Recognition and assessment of pain allow the provision of supportive care and administration of analgesics, improving the welfare of a given patient. However, recognition and assessment of pain are still in early development for birds, creating ambiguity in the evaluation of how painful a bird is. If pain is not recognized or is underestimated, a bird might not receive appropriate treatment. Inadequately treated pain can result in increased morbidity and mortality and a poor quality of life for both the patient and the caretaker.1–3
The International Association for the Study of Pain describes pain as an “unpleasant sensory and emotional experience associated with, or resembling that associated with, actual or potential tissue damage.”4 This definition of pain was expanded as it pertains to animals as “an aversive sensory experience caused by actual or potential injury that elicits protecting motor and vegetative reactions, results in learned avoidance behavior, and may modify species-specific behavior, including social behavior.”5,6 An animal’s inability to verbally communicate with humans does not negate an animal’s ability to perceive and respond to painful stimuli; however, accurate recognition and assessment of the response to pain remain challenging and particularly difficult for animal subgroups comprised of a large number of diverse species.7
Pain scales have been validated in mammalian species and gained increased clinical value to maintain acceptable welfare in both research and clinical animal patients.8–10 These tools include observation and assessment of facial structure, body posture, activity, and interaction with others (conspecifics, owners, etc) as a means of evaluating and quantifying discomfort. Behavioral and physiologic changes that accompany painful conditions have become essential in assessing pain in domestic species, particularly dogs, cats, and rabbits. A similar application of pain scales for avian species would be highly valuable; however, challenges exist given the different behaviors of avian species and types of pain. Variations in anatomical and physiologic traits of avian species compared to mammals also limit the utilization of grimace scales and composite pain scales that rely on changes in facial expression. Familiarity with the normal, nonpainful behaviors of an avian species of interest is critical, as these can be unique to both the species and the individual. Disparities in natural behaviors between avian species have been recognized in prey and predatory species, as well as with individual rearing, particularly in terms of socially raised versus individually raised captive birds.11–13 Additionally, the introduction of pain to an animal will concurrently introduce stress. Stress, even in the absence of pain, will significantly alter behavior, as documented in studies performed in European starlings (Sturnus vulgaris)14 and trumpeter swans (Cygnus buccinator).15 An observer studying pain behaviors in a bird would ideally have access to published information and be familiar with the species’ behavioral response to stress to avoid confounding behavioral alterations.

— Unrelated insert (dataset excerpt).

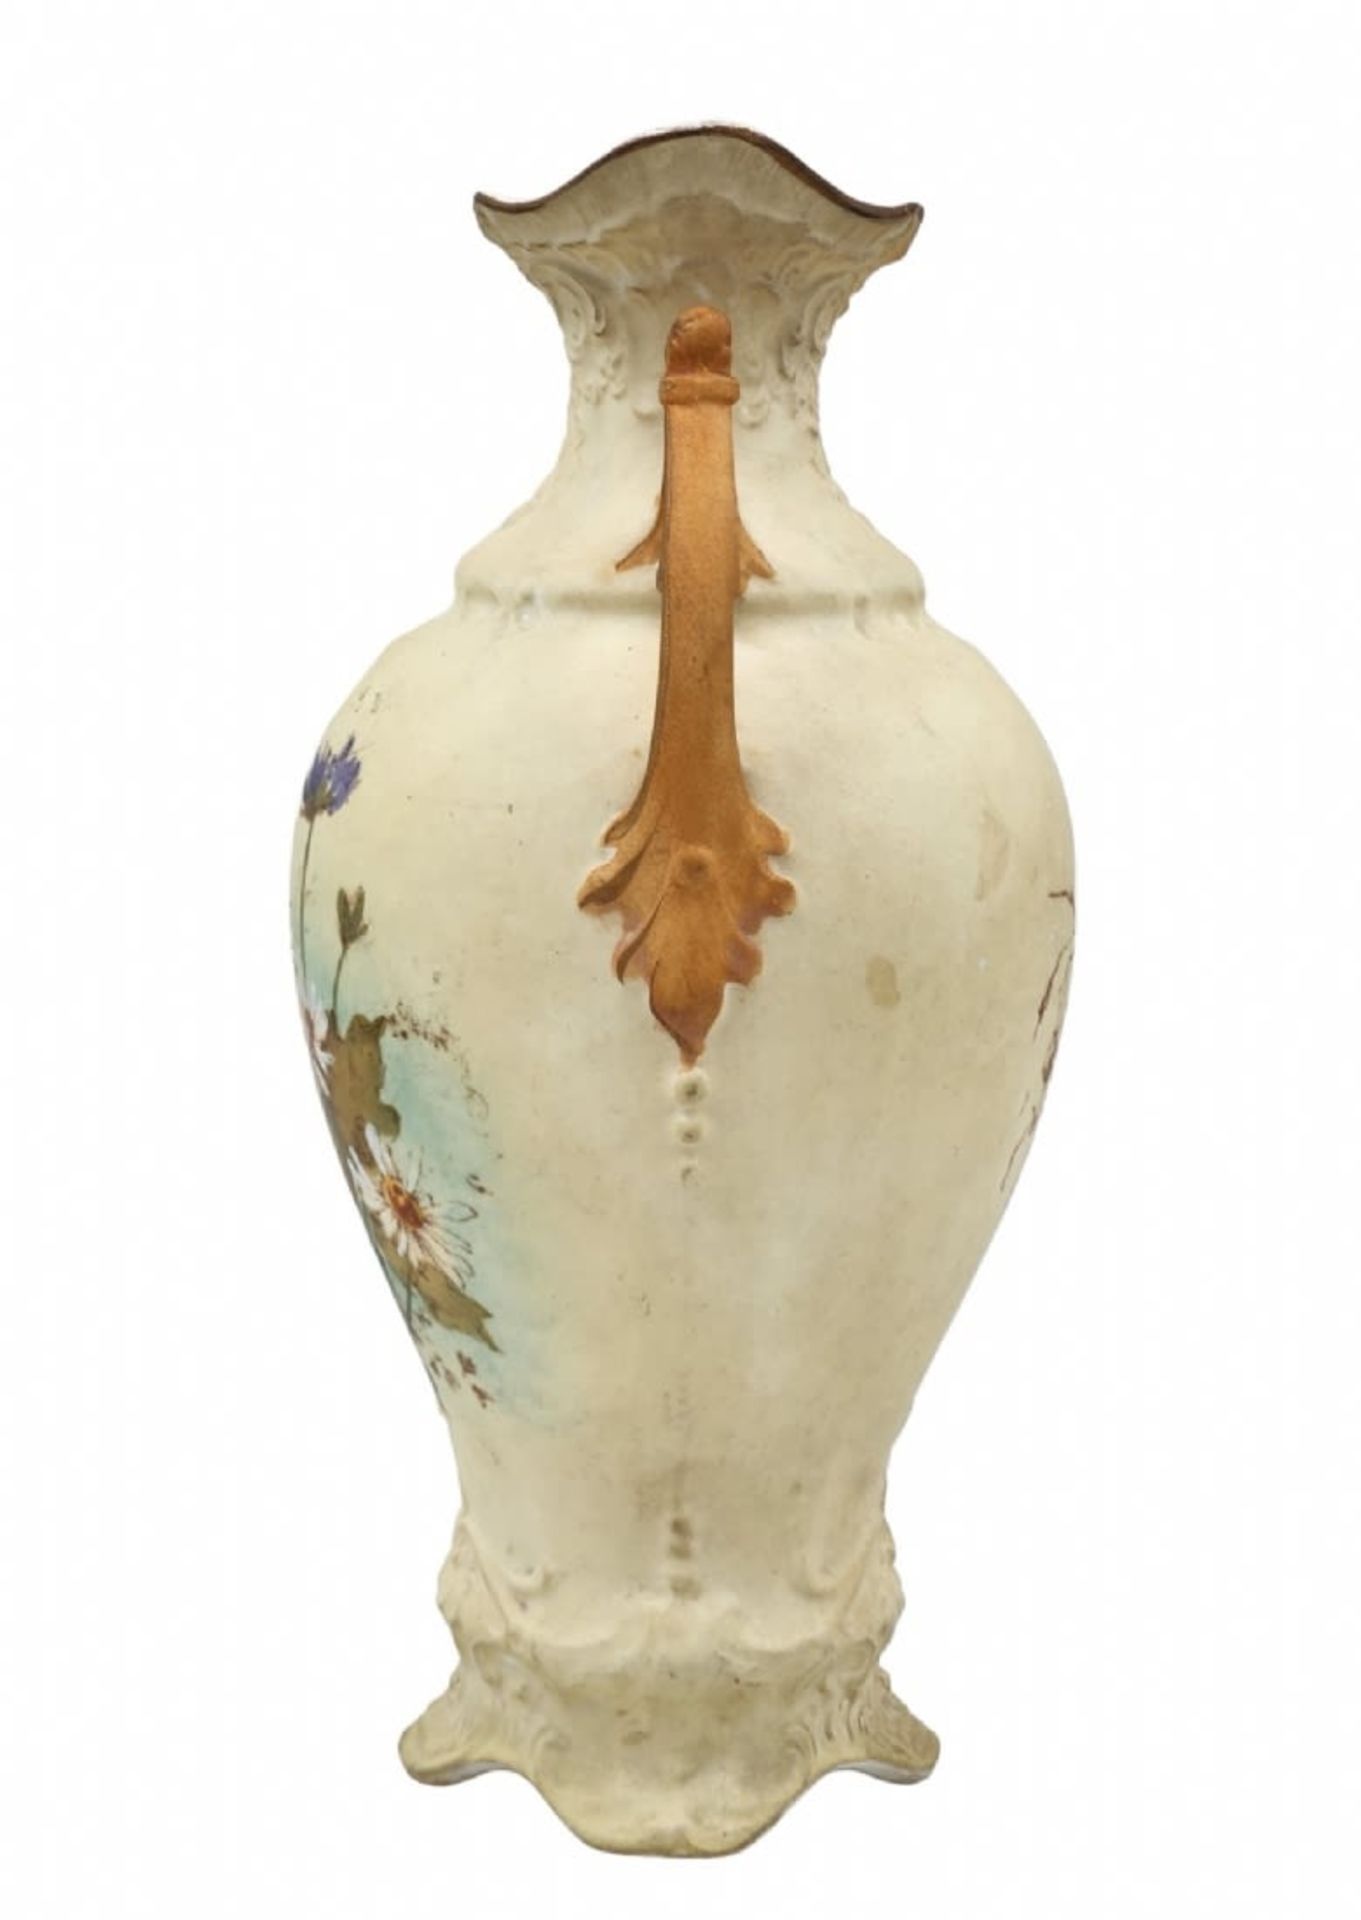 An antique Austrian vase from the last quarter of the 19th century, made of porcelain decorated, - Image 3 of 5

Psittacine birds are common companion animals, and cockatiels (Nymphicus hollandicus) are the most popular companion psittacine species in the US.16 Psittacine birds are frequently presented to veterinarians in private practice, zoological collections, and rehabilitation facilities for injuries and diseases in which pain recognition and subsequent pain management are needed. The cockatiel was therefore selected as an appropriate species for our initial studies on behavioral recognition of pain using an acute inflammatory pain model.17 Both normal (unstressed) and stress ethograms have been published for the cockatiel,18 which is beneficial for distinguishing between behavioral changes that accompany stressful situations (handling, change in environment, etc) and those that are more indicative of acute inflammatory pain, such as the one investigated in the model for this study.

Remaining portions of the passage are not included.